Date: Jul. 14th, 2010 02:47 pm (UTC)
From: [identity profile] angearia.livejournal.com
Right, but isn't that largely covered by "tone, timing and context"? When you say again "being funny", that's not a quantifiable state. There's an innate understanding of how to undercut or overemphasize or satirize--and it's about knowing where to push, how much, and when. I think it is an artform, but in all art there's technique that we can define.

I believe my response to the initial argument that B&R shouldn't be criticized because it's not trying to be serious was my going "um, I don't even know how to respond to that because B&R is awful for so many more reasons than it not being serious, including the actors and the awfulness of AWFUL" or something. Actually, I think the comparison has been a bit lost here.

To refocus, B&R fubars the balance of tone. And just as the actors suck it, so does Jeanty's art in Twilight in convincing emotion. As does the writing which fubars the tone. Where as when the writing is strong enough (like Whedon, Goddard, Vaughan or Espenson on a good day) that the bothersome tone of the art doesn't impeded feeling the characters (when Jeanty's on a good day)--but when both fail, when both ring a bit hollow, then the house of cards falls.

B&R and Twilight are both examples of stories that try and pretty much fail abysmally. And I think it all comes back to tone and failing to understand how to make the source material funny and when to make the source material serious. In understanding the balance, and producing the balance relies on good execution.

Anyways, since we're on the subject of humor, I was thinking about how BtVS is mostly wordplay humor and character humor and poking fun at itself. Like: "Out. For. A. Walk... Bitch." is character humor for Spike because it's undercut by him hopelessly stalking her, then he goes on to insult her hair--it's totally driven by his character and how he's putting on a show. Or "I'm a bloodsucking fiend, just look at my outfit!" is funny for the line itself, but it's even more funny because it's Willow saying it and Willow puts so much stock in what she's wearing and how others perceive her. She thinks wearing the leather is enough, by God, and all those vampires should, too.

Or Xander and Harmony's slapfight which is humor on two levels--first that it's Xander and Harmony.. SLAPFIGHTING. Because yes, that is how Harmony would fight, and why yes, that is how Xander would get drawn into a fight with Harmony because inside he still has his petty little Boyness. And the epic music and slow motion take it even further, that this is the most epic fight of epicness ever in a show that has actual epic fight scenes. So it's poking fun at itself by taking something too seriously that isn't serious at all. And it's brilliant. (Well, I imagine some people wouldn't find it funny. Like [livejournal.com profile] stormwreath who doesn't like OTT humor.

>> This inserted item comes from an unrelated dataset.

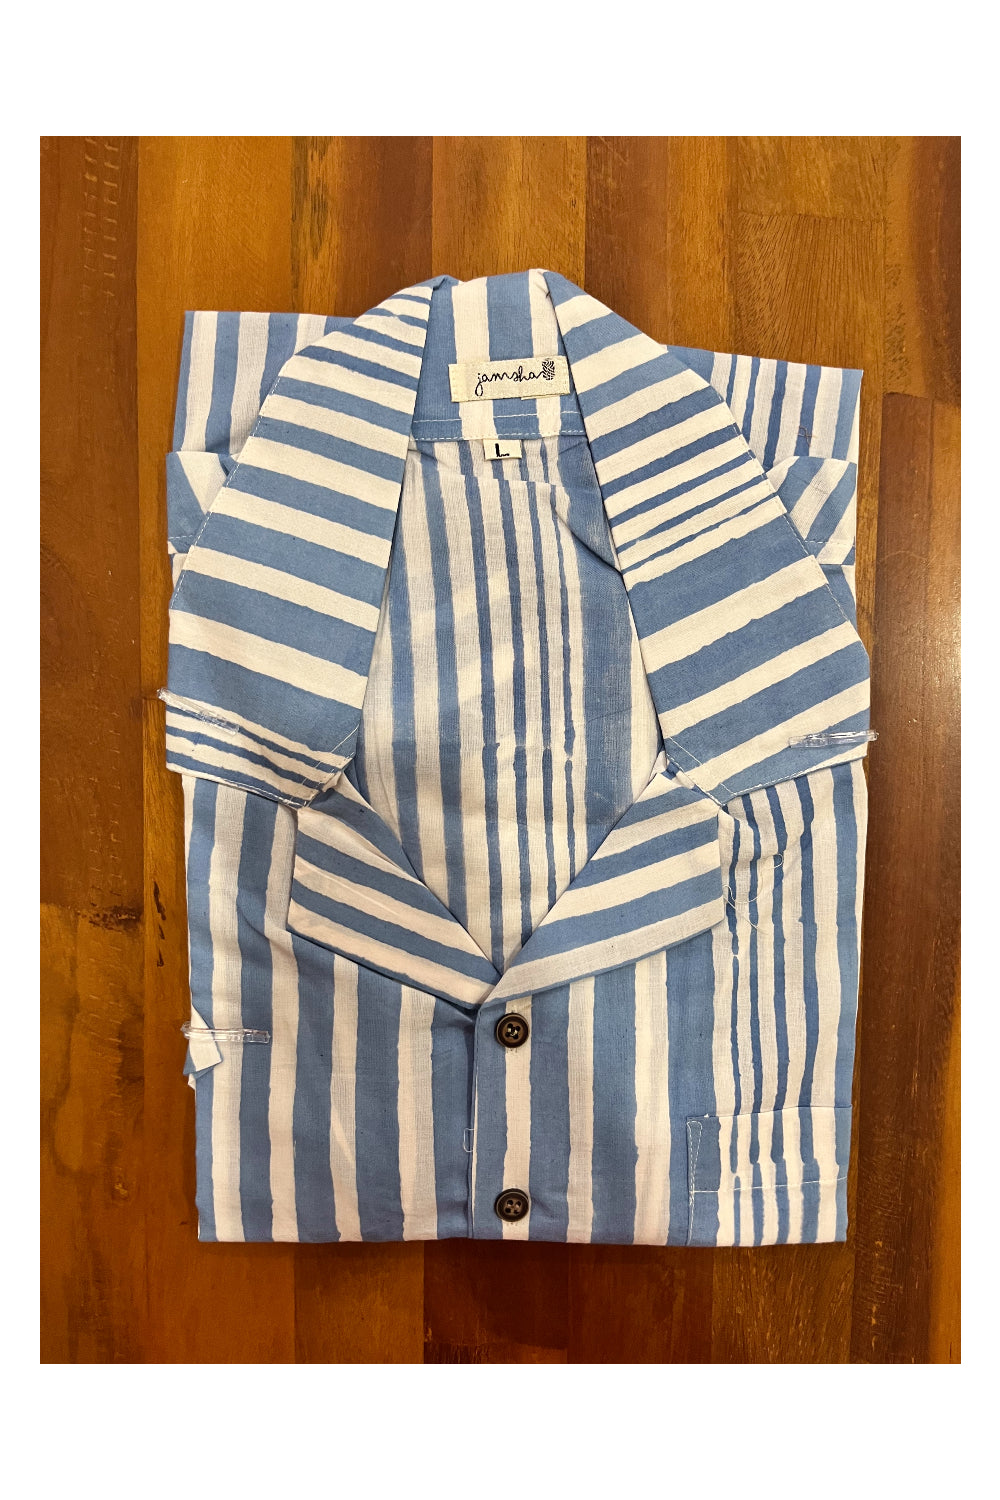 Southloom Jaipur Cotton Blue White Lines Hand Block Printed Cuban Collar Shirt (Half Sleeves)

But he's strange and British and also didn't like the rocket launcher scene in Him and I hope you aren't about to say you didn't like it either otherwise I might have to rethink my stance on you being the funniest person on my flist.)

Which I'm gonna bring back around to say that I think the humor pandered to in Twilight isn't really Buffyverse humor. Where the humor derives from the characters acting ridiculously because they have silly, silly egos which then collide with their environment. Xander geeking out over Buffy's superpowers kinda, sorta works, but it goes on too long. And after that point, I can't remember an example of the humor genuinely embracing its origin in characterization. The jokes are just jokes, they're not that funny, they're poorly timed so that the jokes deflate the drama, and they don't tell us anything about the characters. So yeah.

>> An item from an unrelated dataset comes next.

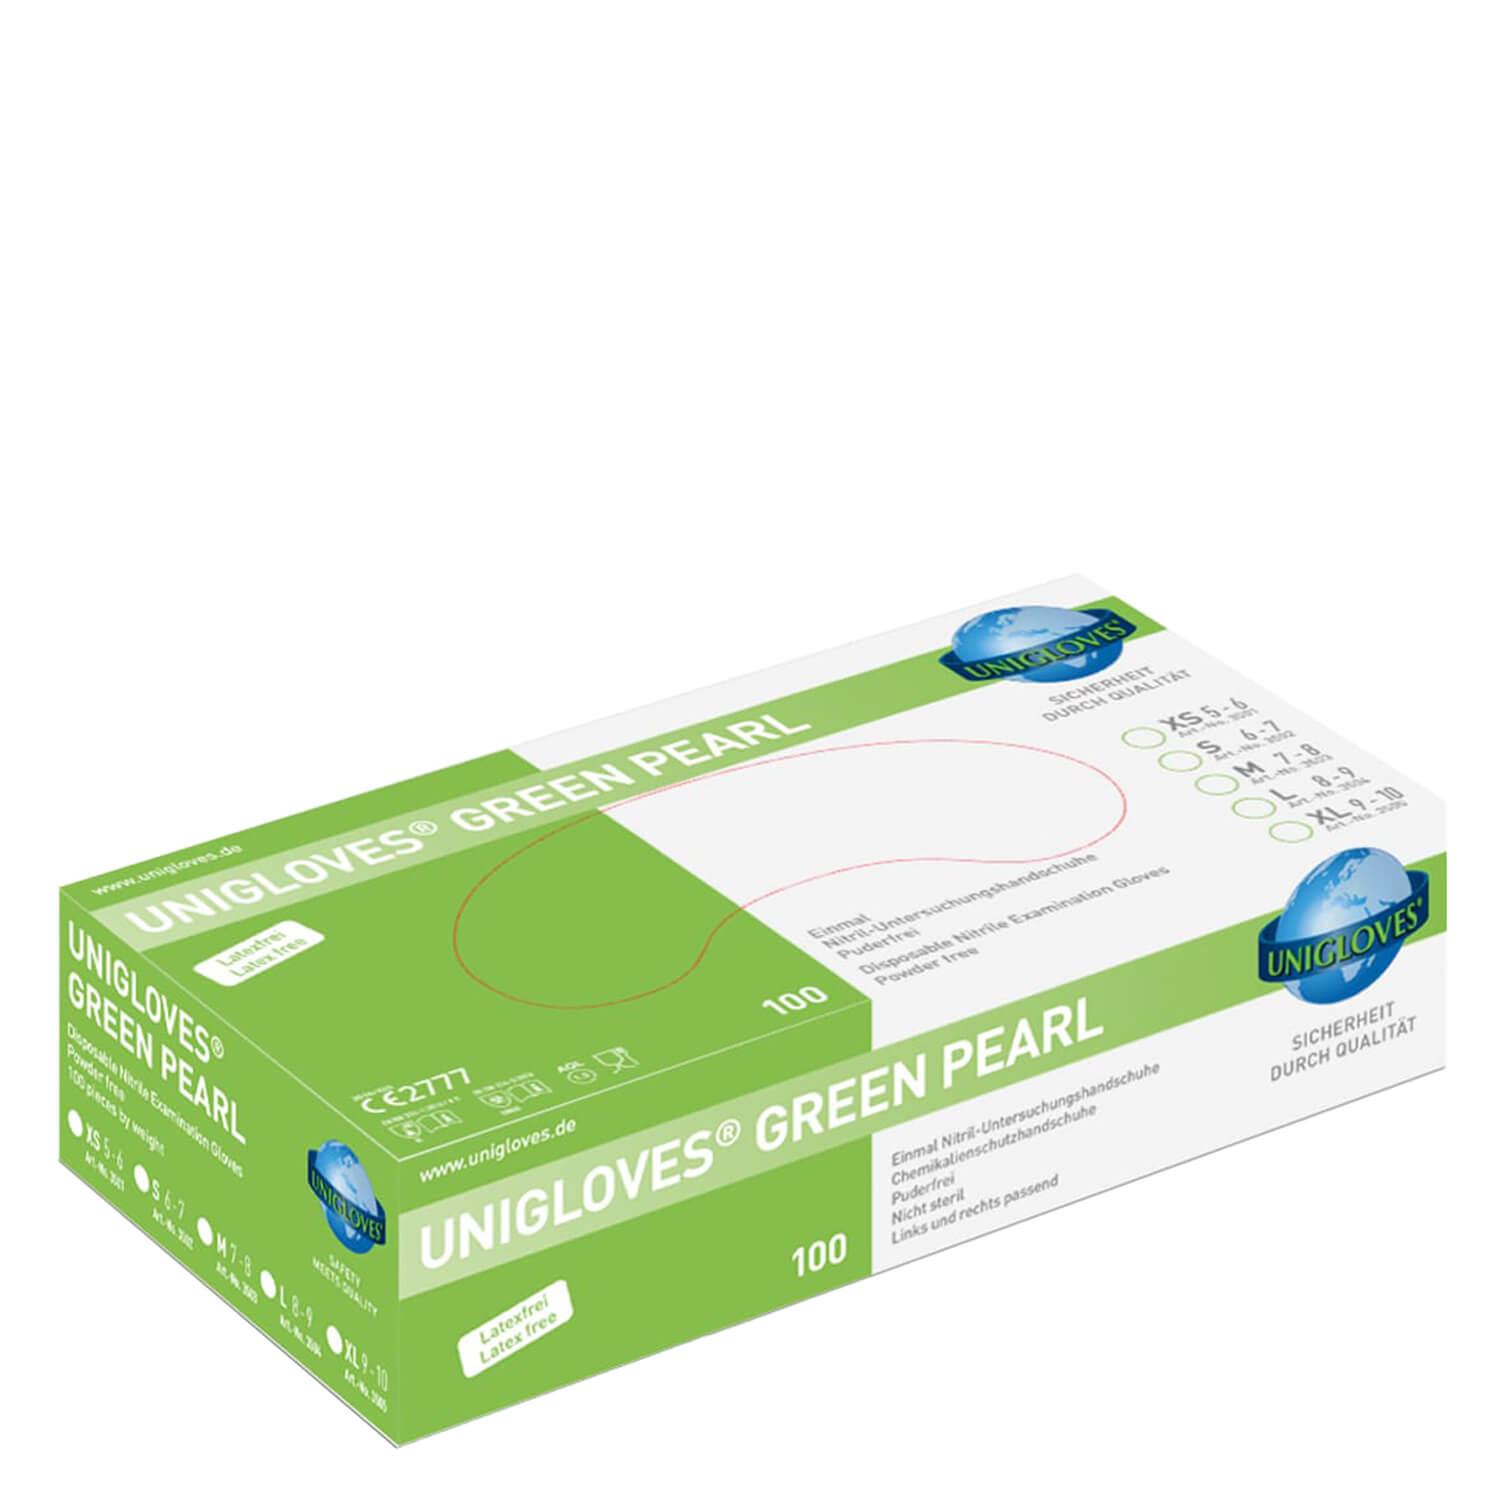 MedBrun - Unigloves  Nitrile Gloves Green Pearl

Date: Jul. 14th, 2010 09:56 pm (UTC)
From: [identity profile] beer-good-foamy.livejournal.com
Right, but isn't that largely covered by "tone, timing and context"?

Largely, sure, but I was thinking of it from the perspective of how the movie's made. Those things are largely the job of the actors and director; there has to be a funny script there too. B&R is one of those rare instances where it all comes together; where you have clueless actors (did Alicia Silverstone ever make another movie after this?) in cringe-inducing costumes delivering supremely unfunny lines on a set that looks like a latter-day Michael Jackson video. It's a complete failure, right across the board. It wouldn't have been the same mess if there'd been a decently funny script underneath. ;)

But yeah, with this

B&R is awful for so many more reasons than it not being serious, including the actors and the awfulness of AWFUL

I think we're basically agreed.

Anyways, since we're on the subject of humor, I was thinking about how BtVS is mostly wordplay humor and character humor and poking fun at itself.

Hmmm... I better leave this alone or I'll have to write an entire essay on the use of humour in BtVS. :) But yeah, I agree that that's at the heart of BtVS as comedy, but I think there's also a broader use of humour to play off familiar stories and tropes. Humour is much more than just comedy.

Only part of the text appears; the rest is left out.